The Lingerssance began in early 2023 when the “letting it linger” meme went viral. But it just keeps exploding, including jokes that date back to the ’90s. (“Linger? I hardly know her!”) After the “Love Story” moment, the song climbed to number two on Billboard’s Top TV Songs, right behind another track from the same episode: appropriately, “Fade Into You.” (For some reason, the surviving band members are not touring as Mazzberry Star – so applause for their reticence.)

“Love Story” is a single nineties mixtape, from the Cocteau Twins to Jeff Buckley to Sade. “We wanted to make the soundtrack really accessible, with songs from a variety of genres,” music supervisor Jen Malone said recently. “But we had to balance it with some of the more ubiquitous songs – like ‘Linger’.” The timeless appeal of the music is based on direct emotion. Or as Malone put it: “It proves once again that Generation X is the best generation. We’re showing the young what we’re made of.”

To date, “Linger’s” strongest TV moment in “Community” was in the 2010 season two premiere – the scene in which Abed plans a surprise wedding for Jeff and Britta. (“She’s got a ring around her finger! And Abed hired an Irish singerrrrr!”) The song made a touching appearance in the final episode of Derry Girls, where “Dreams” was a recurring motif. Adam Sandler languished it in 2006’s “Click” as the soundtrack to his first kiss with Kate Beckinsale. However, these remained exceptions: “Dreams” and “Zombie” were the heavyweights that gave the Cranberries their reputation as long-running soundtrack favorites.

Vulnerability as strength

But “Linger” is their most vulnerable hit — and perhaps that’s why it’s speaking loudest right now. The strongest element of the sound is its helplessness, this feeling of being overwhelmed, the exact opposite of the self-confident rockiness of “Dreams” or “Zombie”. “Linger” means floating in the flow of desire without fighting it. There’s a kind of surrender in the way this song eroticizes total passivity – giving up control, letting your emotions wash over you until there’s nothing left. Maybe in the 2020s, amidst the general emotional chaos, people are willing to let it slide. Everybody else is doing it – why can’t we?

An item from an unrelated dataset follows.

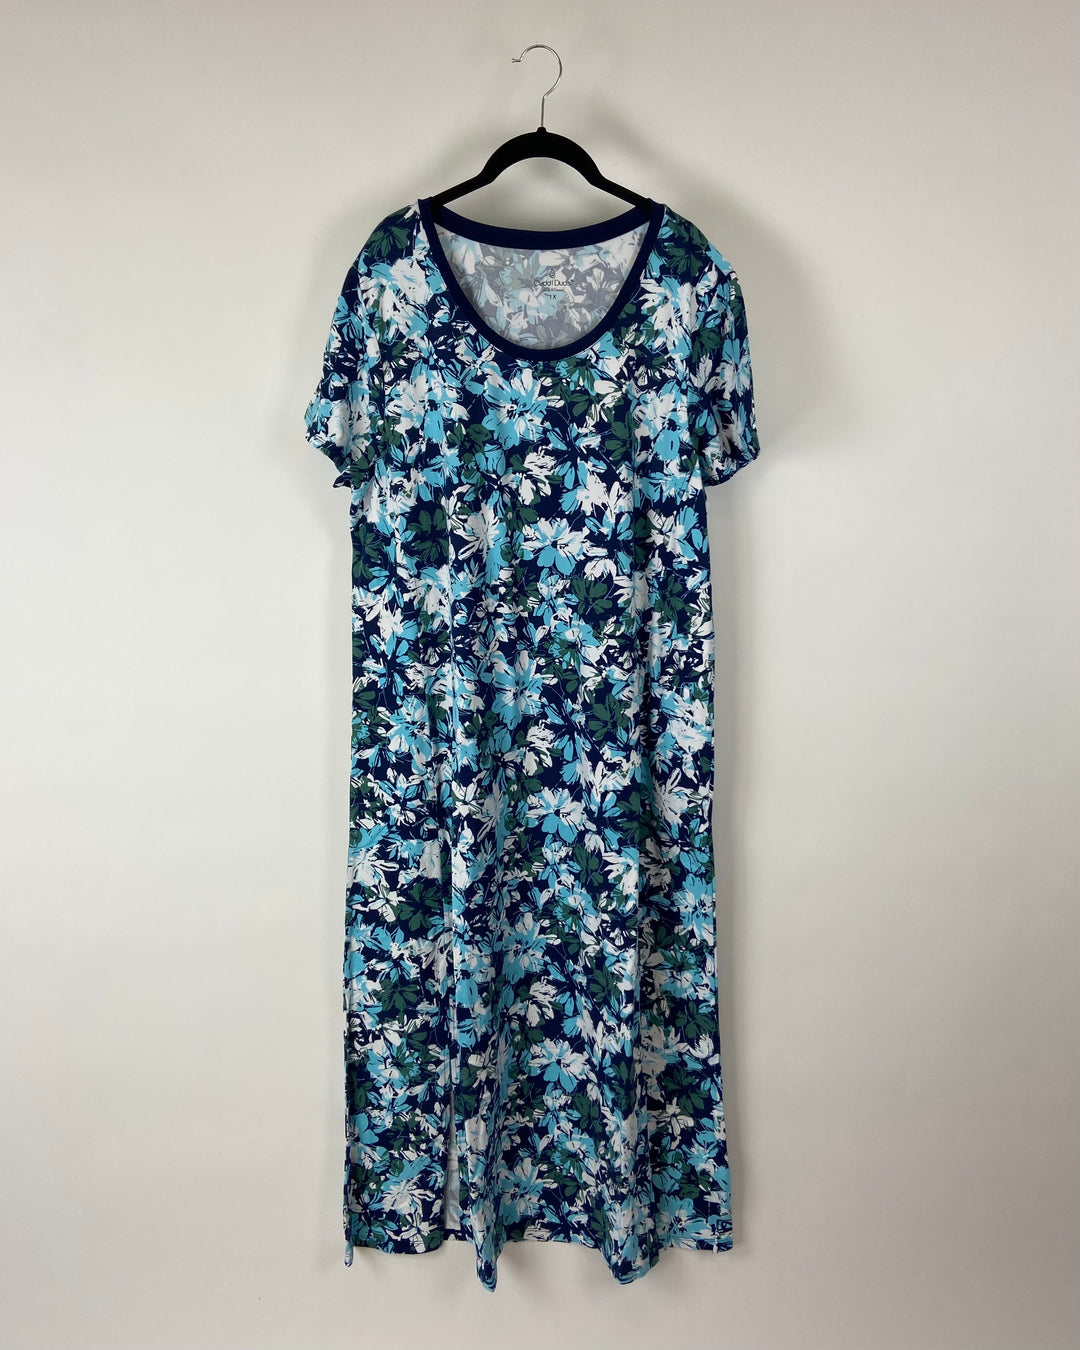 Blue and Green Floral Maxi Dress - Size 2/4, 6/8/ and 18/20

The Cranberries have just released the aptly titled new video “Scenes from ‘Linger’: The Unreleased Scene” – featuring a few minutes of close-up footage of Dolores that didn’t make it into the original video. It accompanies the umpteenth deluxe reissue of the debut album, out May 22nd, which includes Bratty’s Spanish version. There’s no telling where this song’s never-ending story will lead next. Long may he stay.